I setup a captive portal on a wireless access point.
If I use a laptop to connect to it, the laptop pops up a browser telling me to login to the captive portal. I can open any browser on the laptop (IE, Chrome, Firefox) and it works fine.
With my Samsung Galaxy S8 (Android 9), when I connect to the wireless access point, Android automatically checks for captive portals, same as every other device does these days. Since it detects it, it also pops up a browser and tries to load the login page, and on my phone, it shows an SSL cert error. Other Android phones don't have this error.
If I tell my phone to stay connected to the WiFi despite not having logged in, and open Chrome on my phone, the exact same captive portal redirect loads without any issues. It is clear that whatever internal browser my phone is popping up, it's not the regular Chrome browser, as that one works fine. It also doesn't appear to be the "Internet" app my phone shipped with, as that shows no SSL error either.

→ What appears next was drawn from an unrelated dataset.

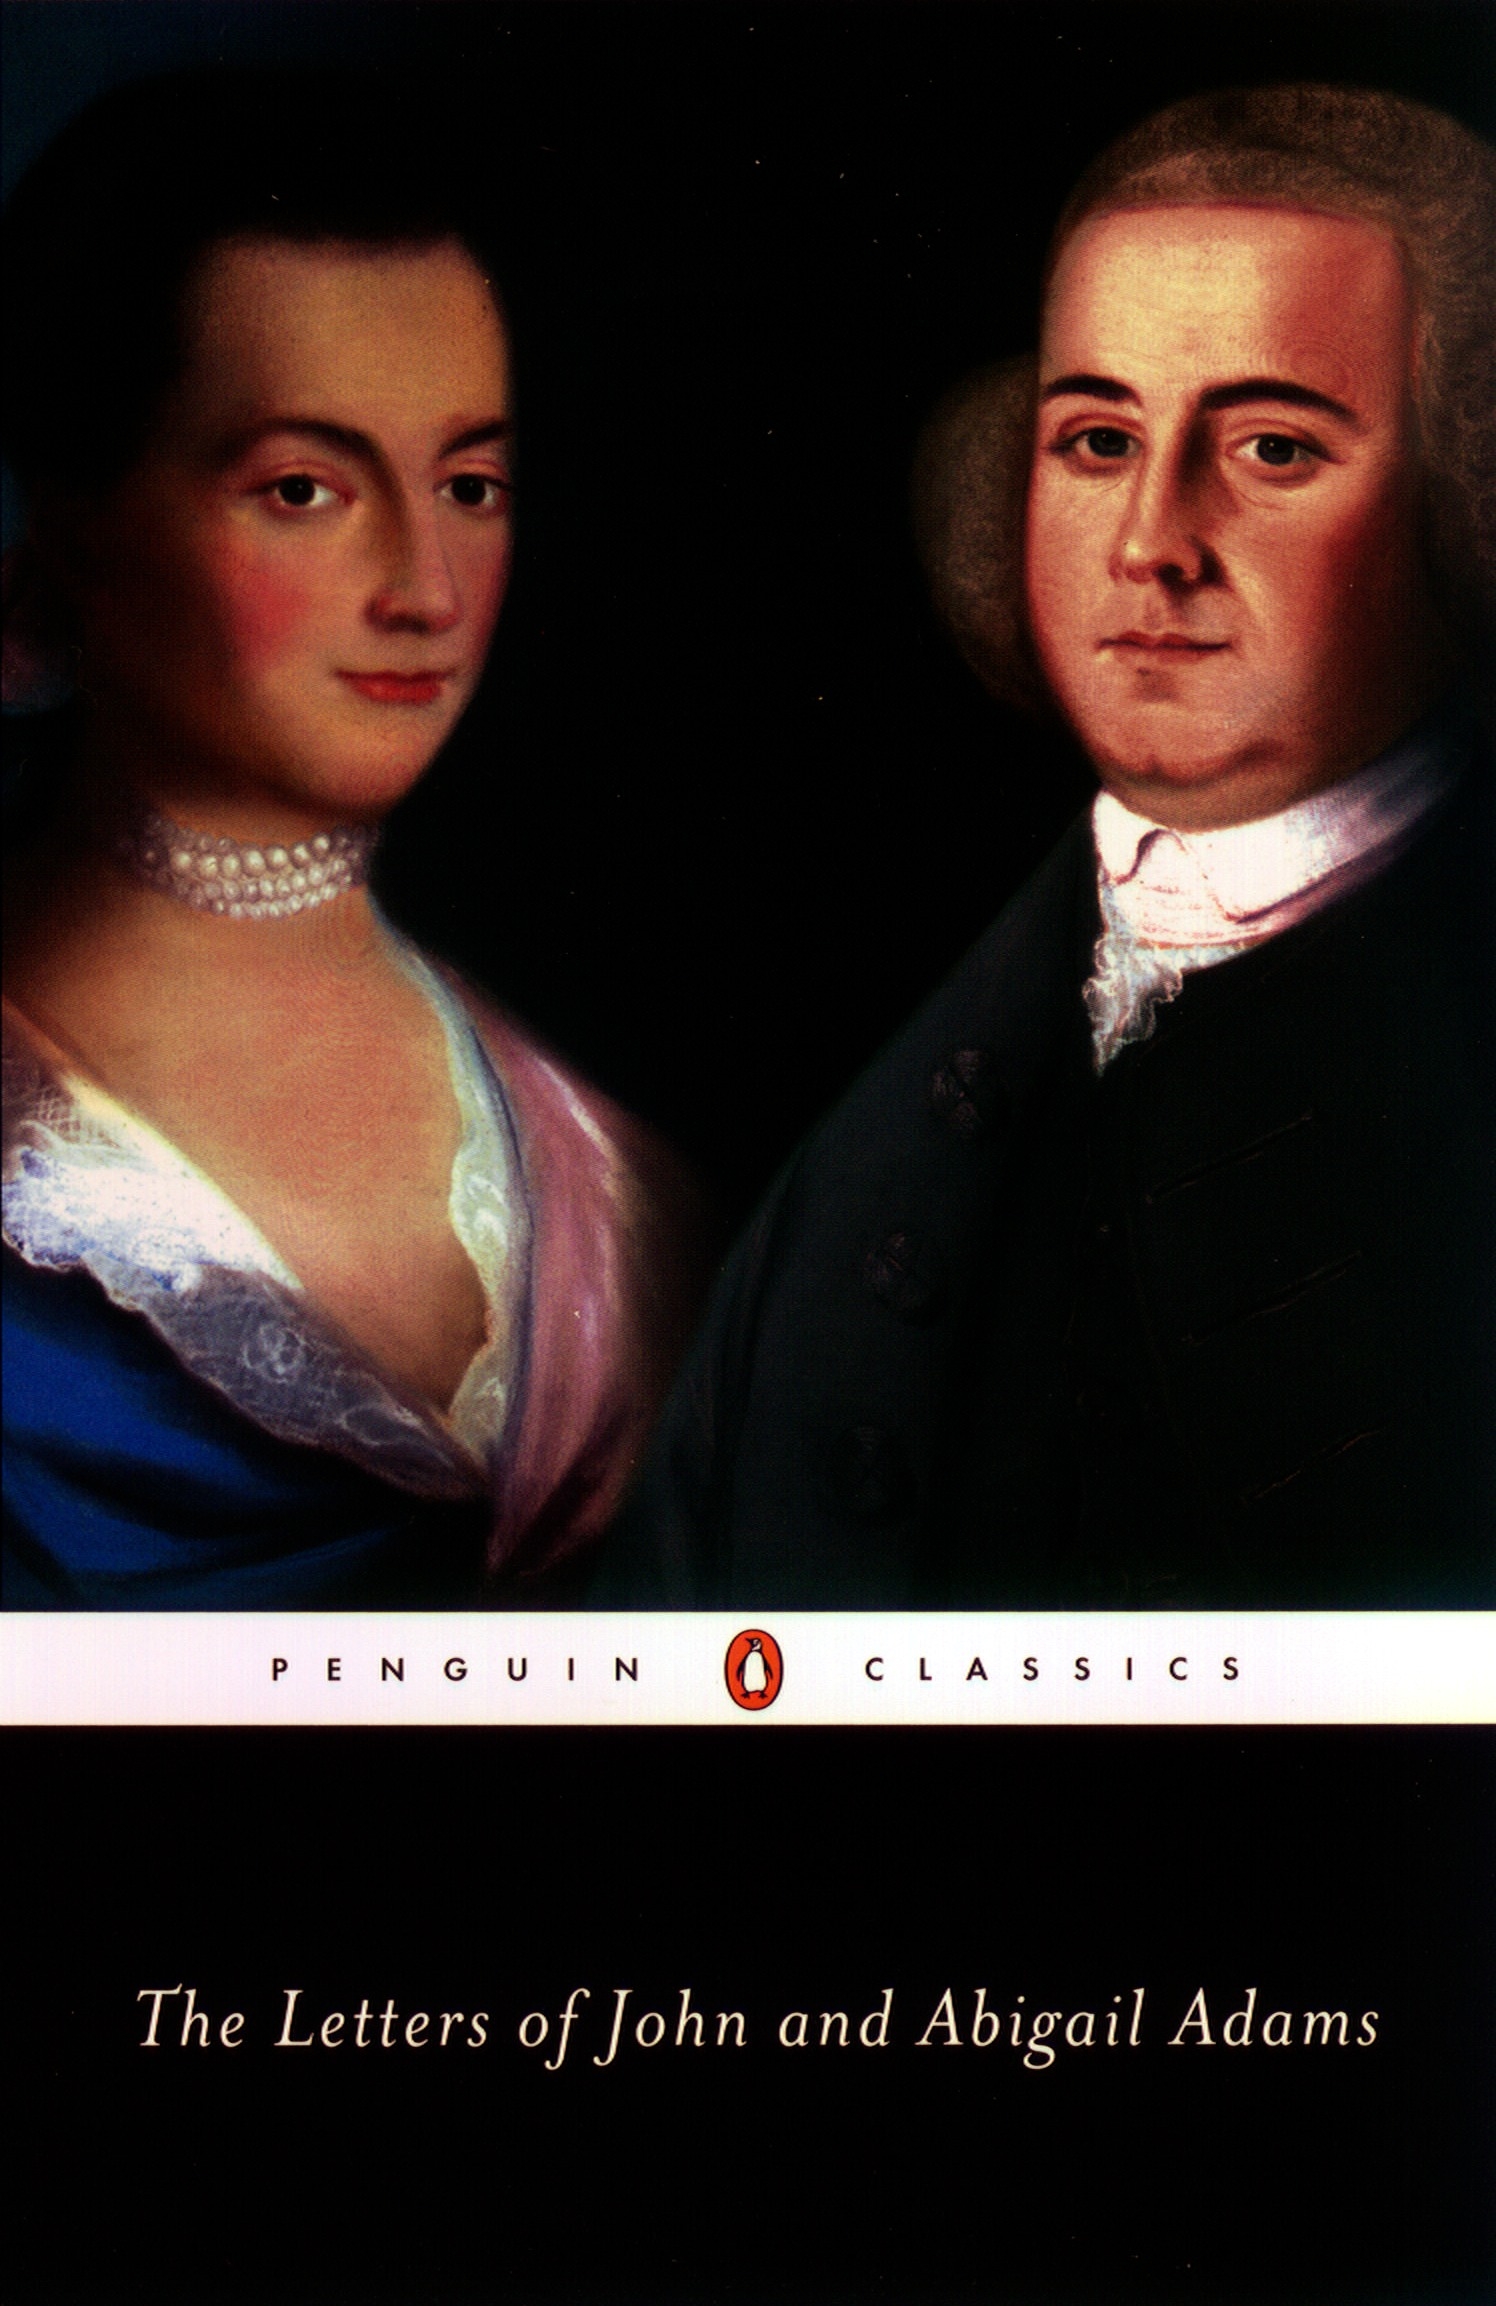 The Letters of John and Abigail Adams by John Adams Penguin Books

What browser is my Galaxy S8 using to detect captive portals? Why does it have an SSL error when other browsers and devices don't? How do I even begin to debug this?
Note: My SSL cert was generated by LetsEncrypt. It points to http://ocsp.int-x3.letsencrypt.org as the server for verifying that the cert hasn't been revoked. I added this domain to my captive portal's walled garden (bypass) list, so that connections to that domain are NOT redirected, but it didn't help.